Using Walter’s memory and that of some old-timers who still lived in the area, von Klieben was able to not only restore existing structures, but also design and replace missing buildings. Knott spent $700,000 restoring Calico.

== Body of work ==
Von Klieben’s body of work includes a number of portraits of actors and people of notable families that are in private collections that he painted before his association with Walter Knott. A number of his paintings that were done for Knott’s Berry Farm were sold to private collectors when the farm held an auction in 2017. However, several of his notable works are still at Knott’s Berry Farm. His huge painting “Saturday Night in Old Calico, 1888,” which originally hung behind the bar in the Calico Saloon, now hangs in the Pitchur Gallery. He painted two very large paintings of berry fields and a portrait of Rachel Elizabeth “Toni” Knott, all of which hang in Virginia’s Gift Shop. He also painted a mural that is in the Ghost Town Grill, and two large portraits that are in the Western Trails Museum. Perhaps his greatest large painting is a landscape of Ghost Town, which hangs in the Chicken Dinner Restaurant.

== Retirement ==
In March 1953, von Klieben reluctantly retired to Sonora, California in the Sierra Nevada foothills. He intended to devote more time to his first love, executing paintings and dioramas of early California, as well as still doing planning work for the farm and the restoration project at the town of Calico. He retained his adobe studio in Ghost Town for use when he visited Knott’s.

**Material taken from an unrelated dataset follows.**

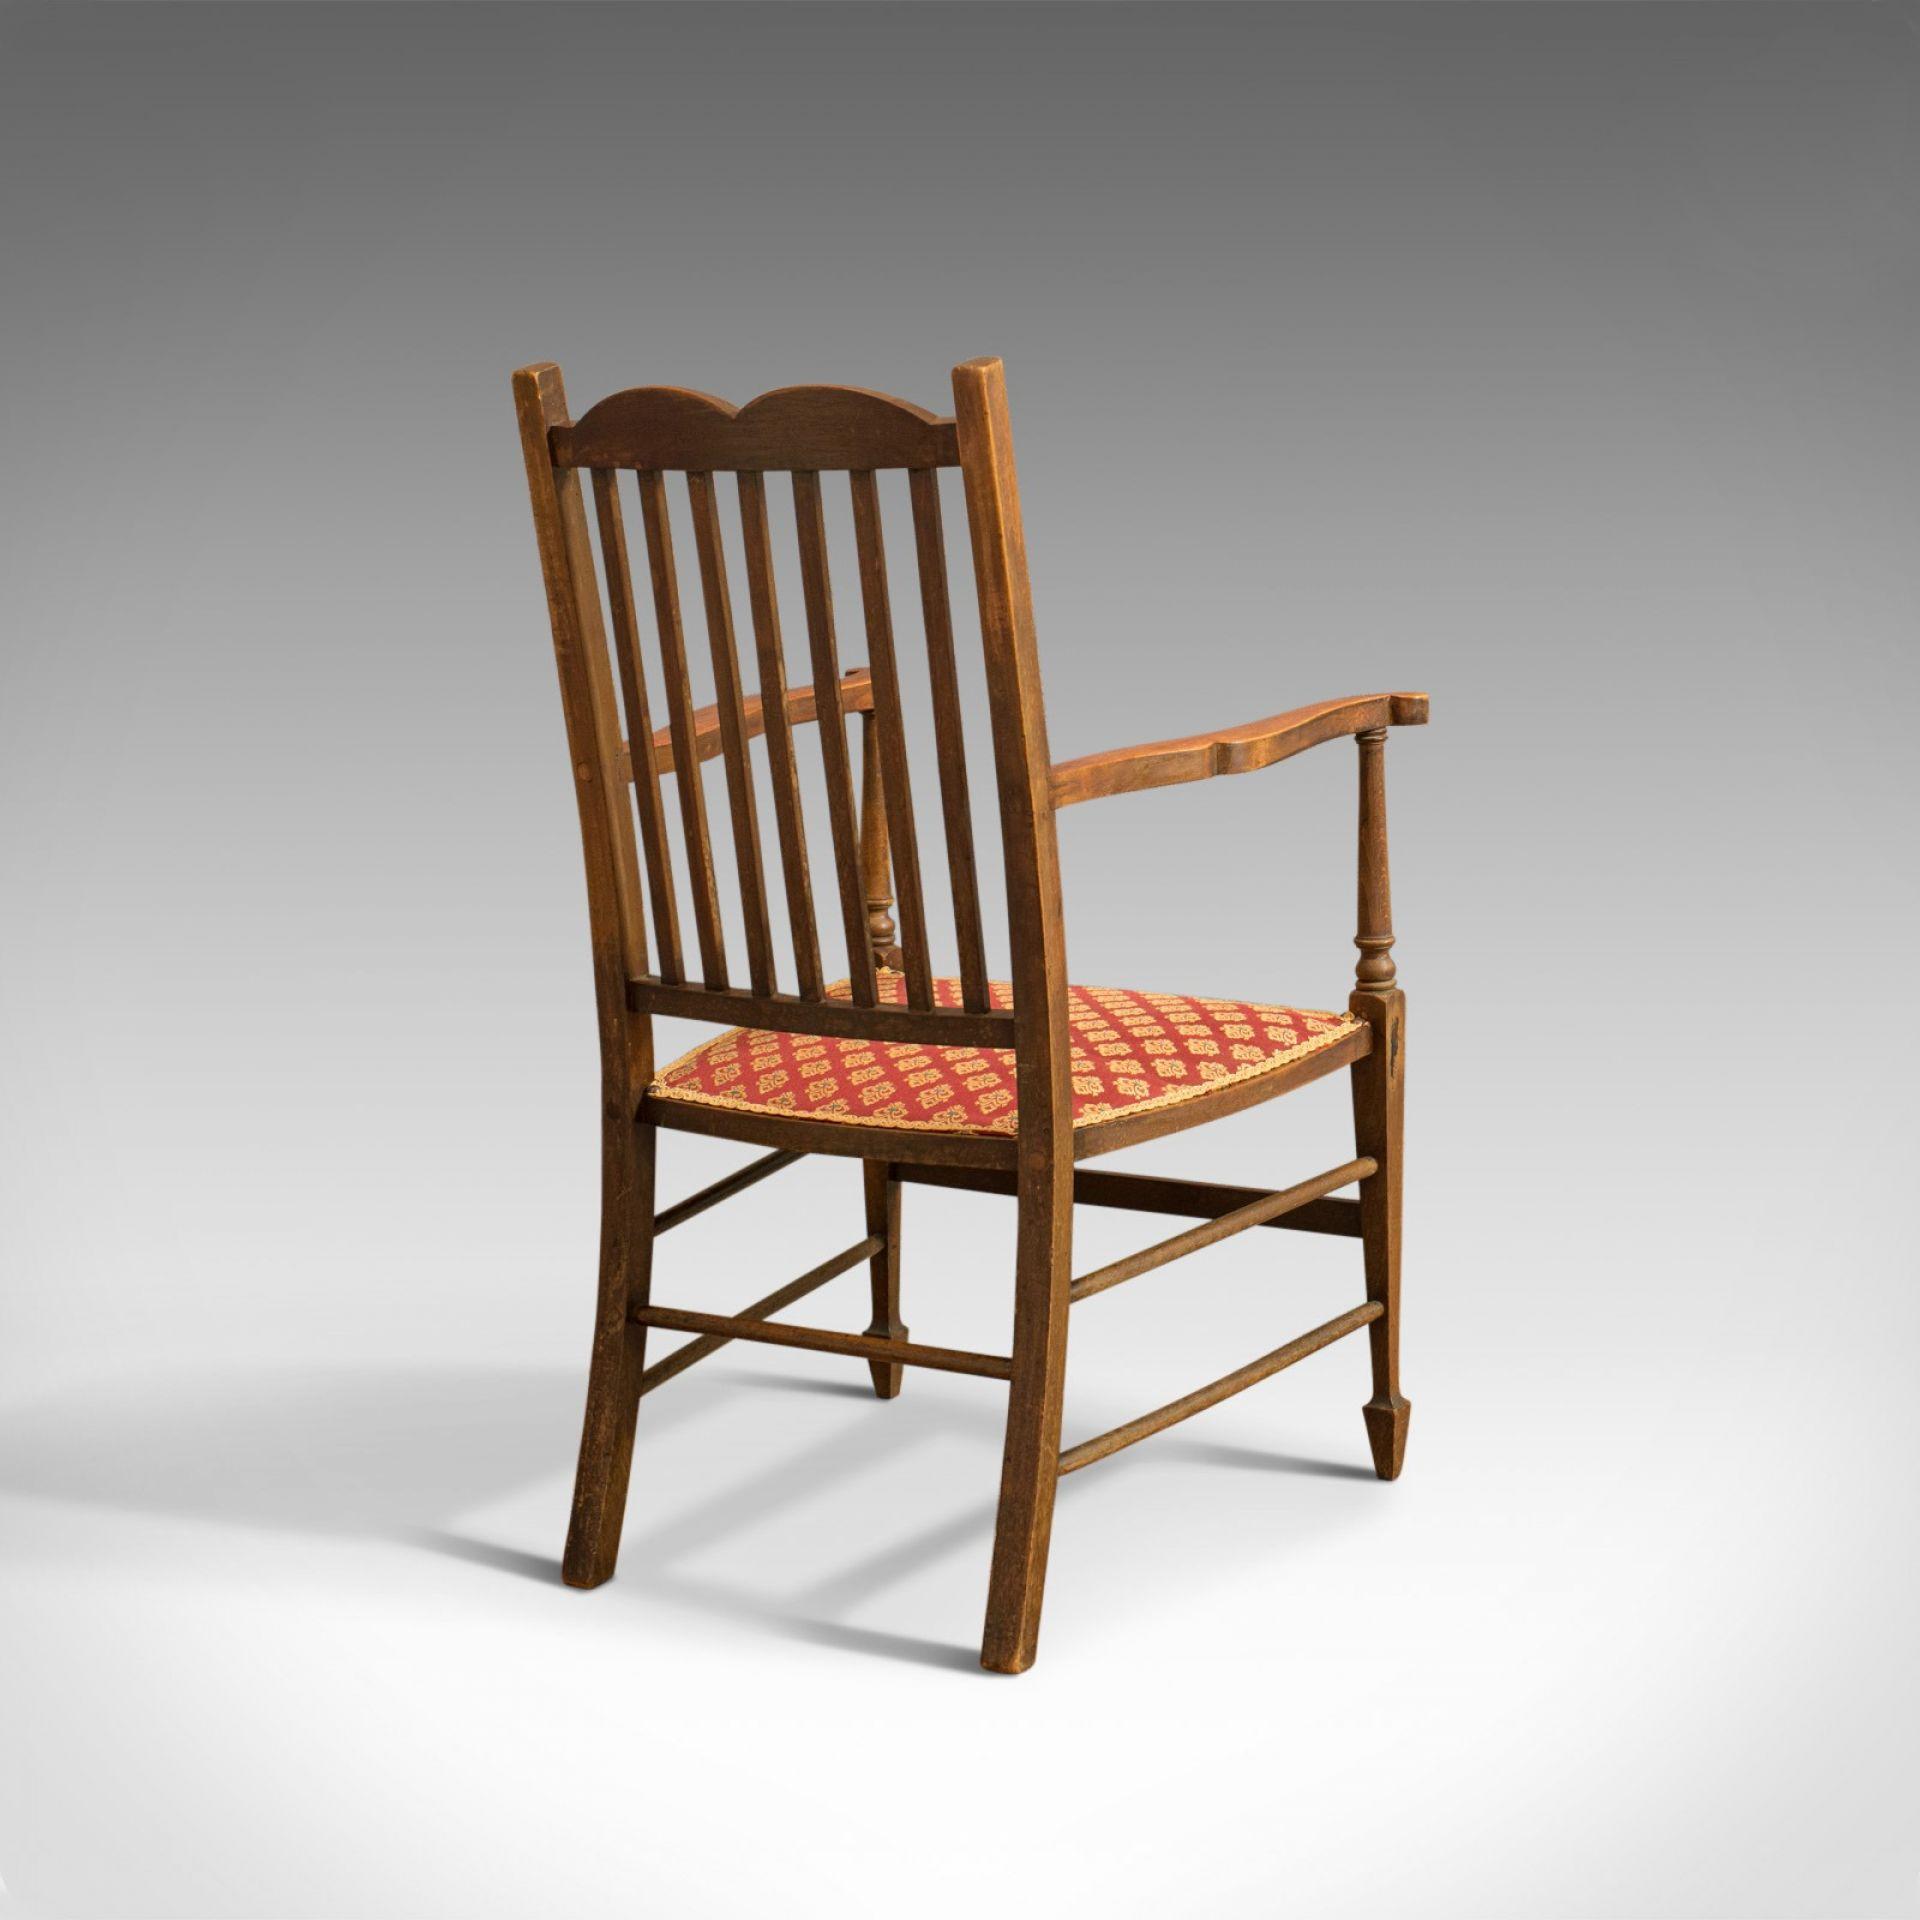 Antique Open Armchair, English, Mahogany, Elbow, Chair, Edwardian

However, the retirement was to be short-lived. He died three months later, of a heart attack, on June 14, 1953. He left a brother, Fritz von Klieben, a niece and a cousin, who lived in Germany.

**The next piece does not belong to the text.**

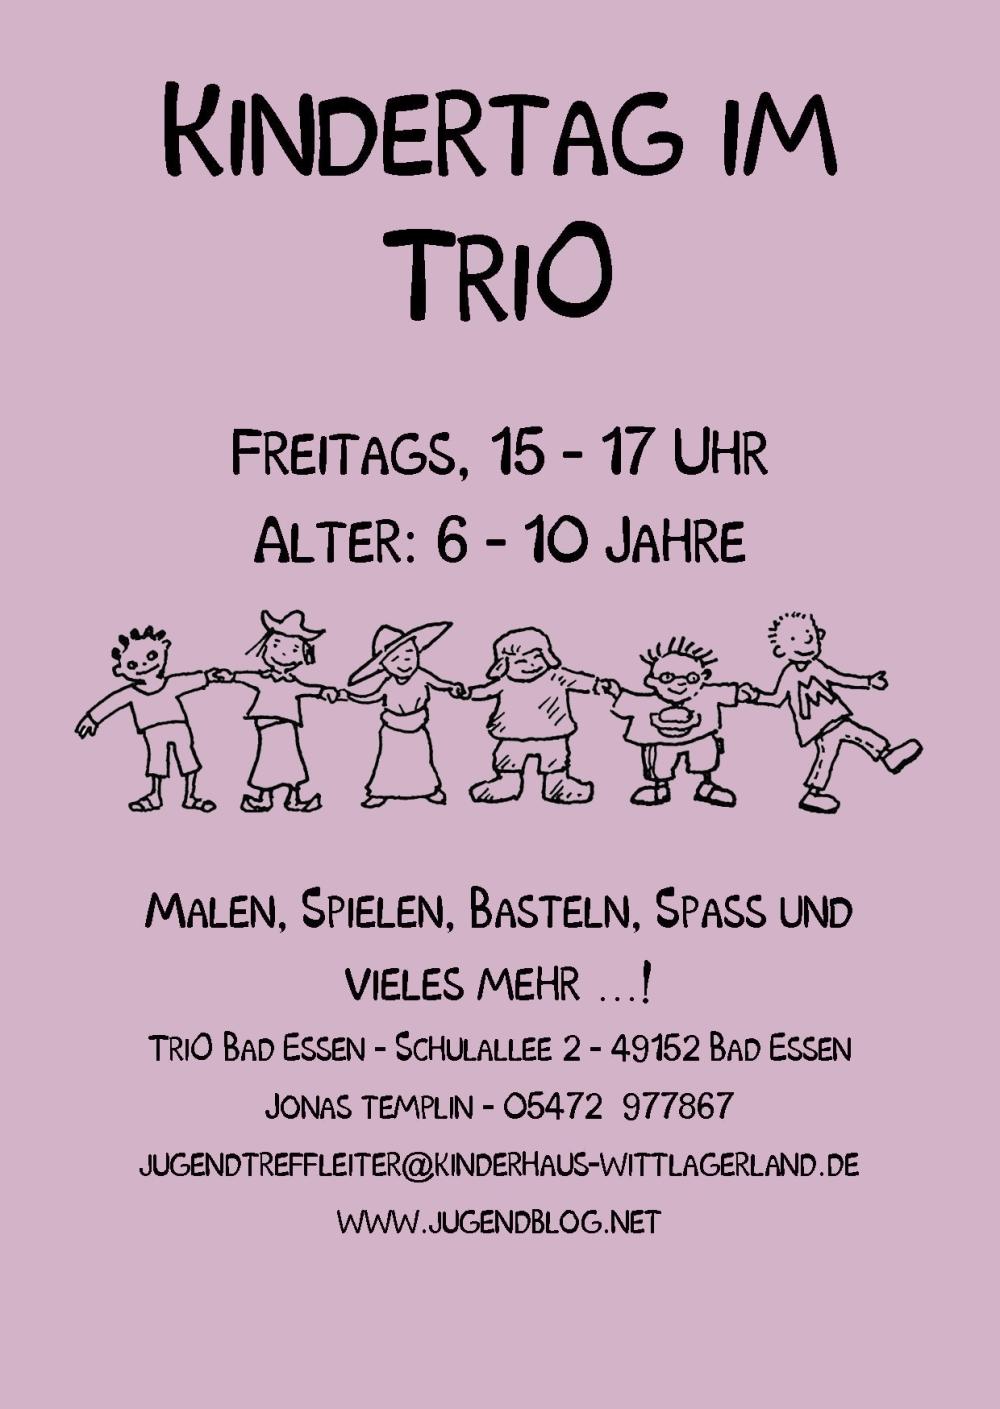 Kindertag TriO Front Publisher 01 WEB

Walter Knott and Paul von Klieben had personalities that were quite different from one another. Knott was calm and reserved. Von Klieben was described as volatile and erratic. However, they both agreed that they were mutually stimulating. They worked closely together for 12 years, and the results they produced were resoundingly successful. Knott emphasized to Helen Kooiman (one of his biographers) that “I want the readers of this biography to know that I attribute much of the success of Ghost Town to this man.” Knott made the same point to numerous others. When von Klieben died, Knott was devastated by his friend’s unexpected death. At von Klieben’s funeral Walter Knott wept openly.